* **WHAT THE TASK REQUIRES**: Nothing but the lines from the one that holds "Opplev Rocky Mountains" through the end of the material should be repeated, each exactly as it stands, and pictures stay out.

[Opening COLLECTED DATA section]

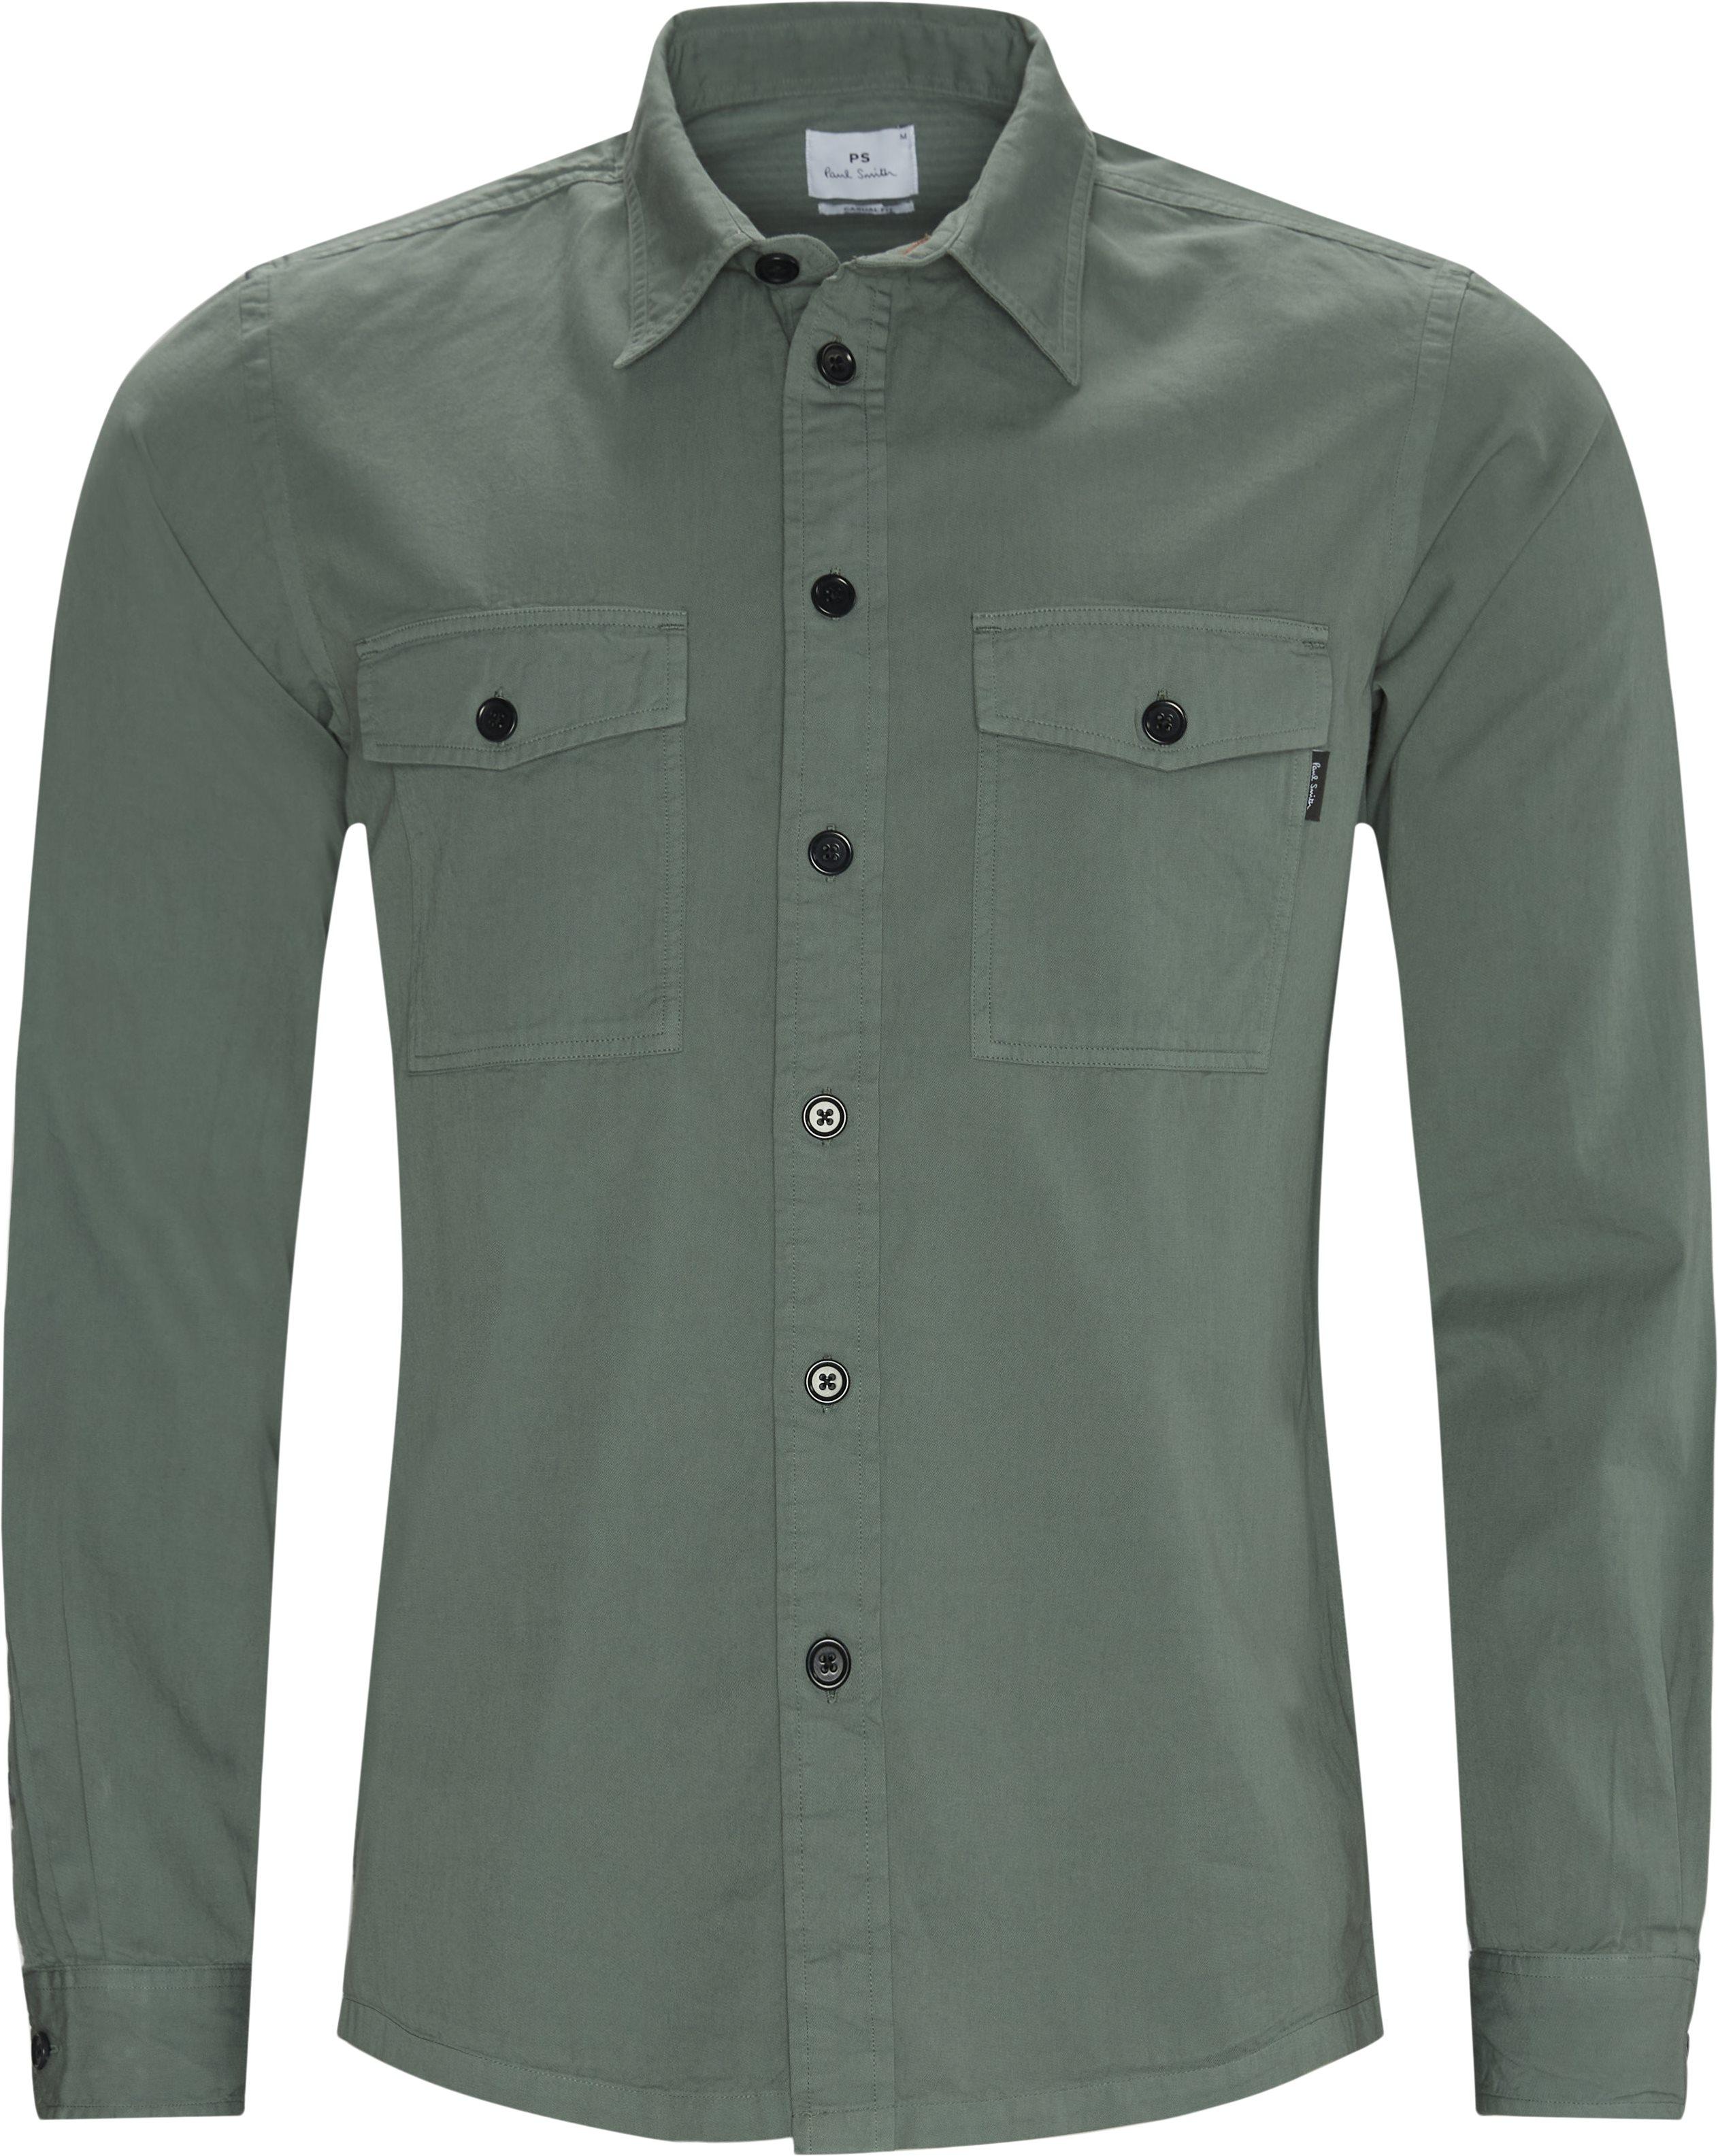 Skjorter - Regular fit - Army
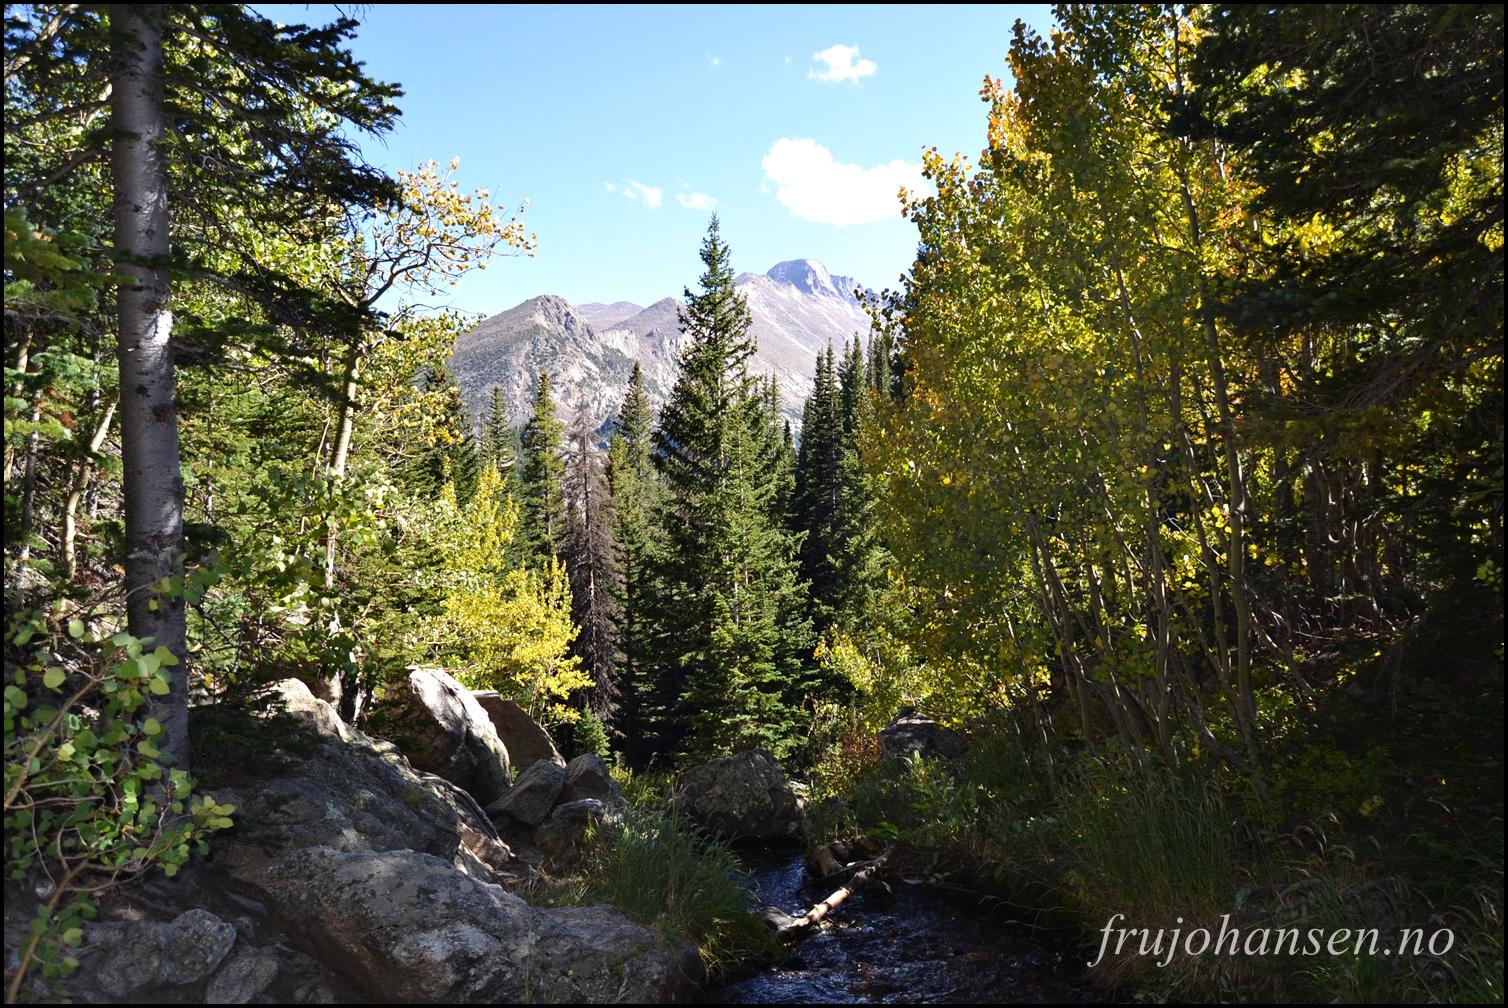 Opplev Rocky Mountains
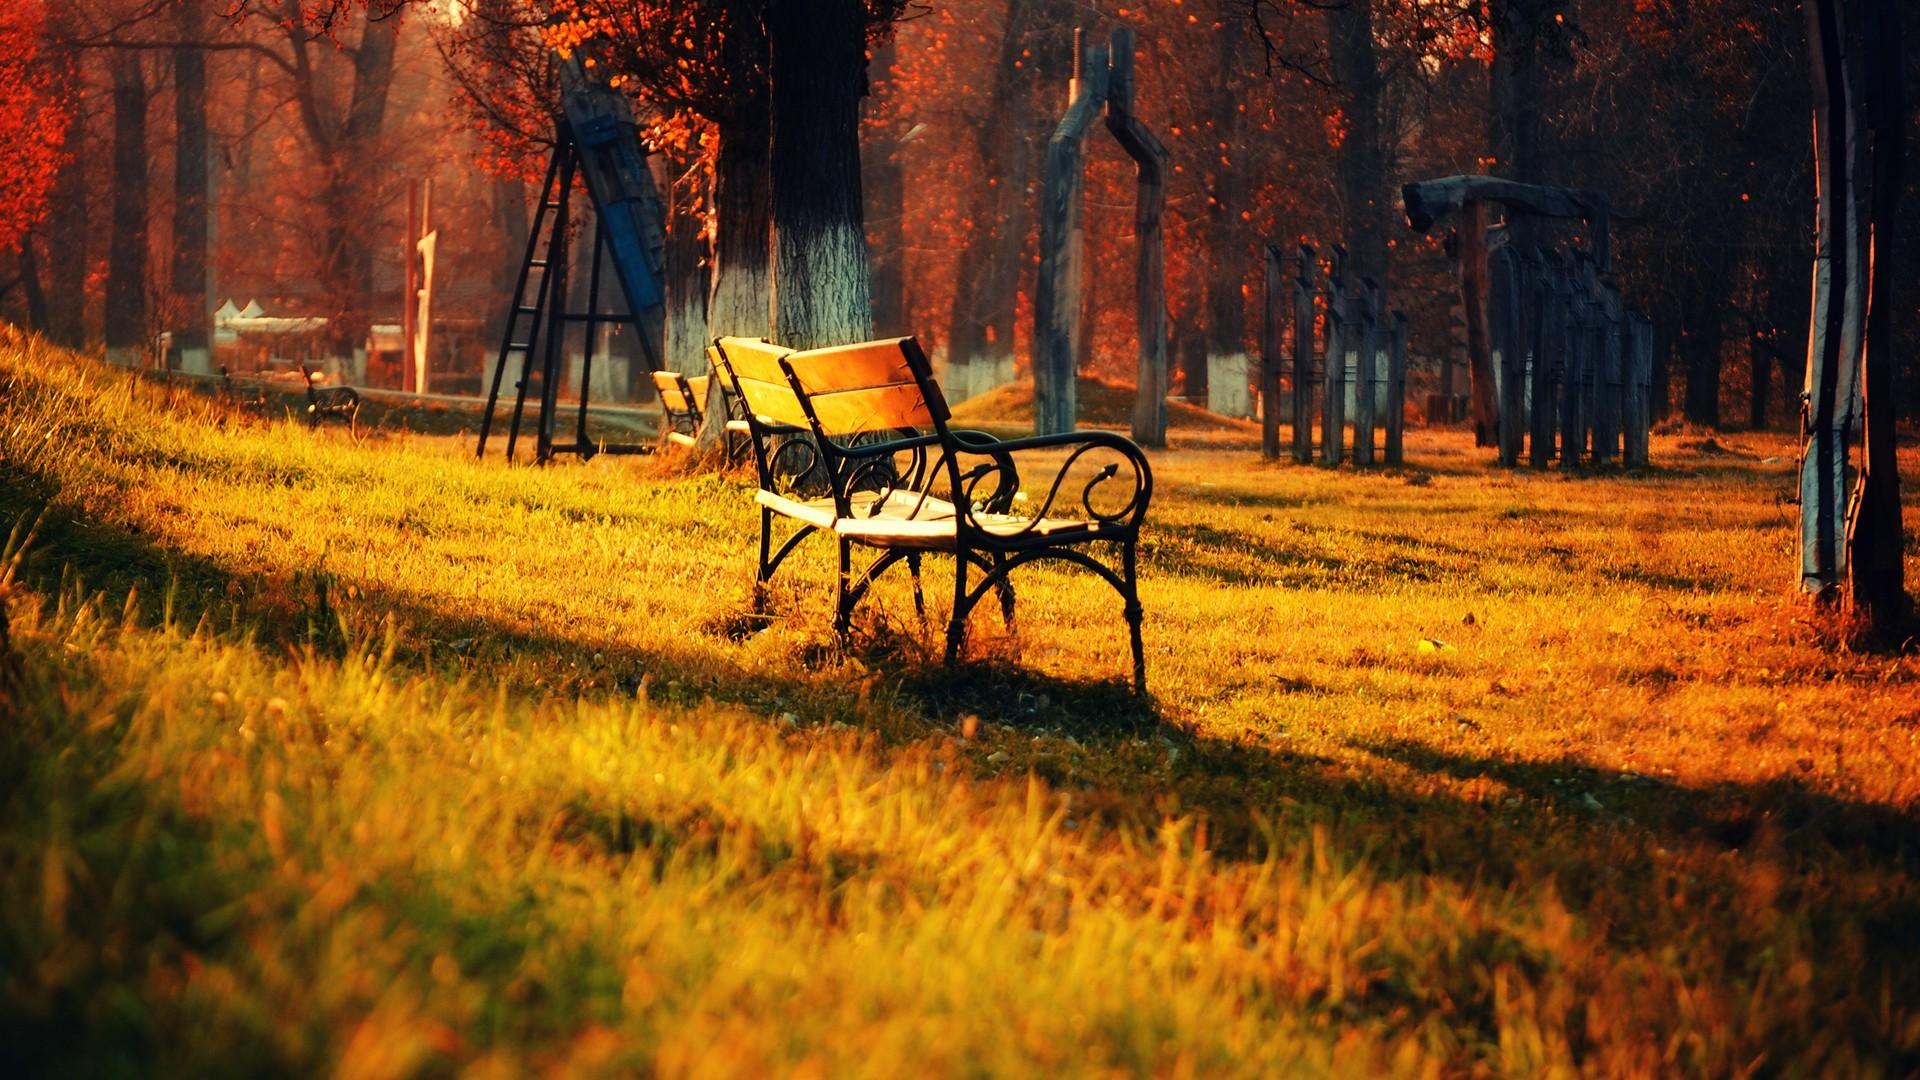 Park Trees Sunset Sunrise Bench Wallpaper Hd 1080p Nature Green – 1920×1080

[Closing COLLECTED DATA section]

* **ANSWER TO THE PROBLEM**:
 Opplev Rocky Mountains
 Park Trees Sunset Sunrise Bench Wallpaper Hd 1080p Nature Green – 1920×1080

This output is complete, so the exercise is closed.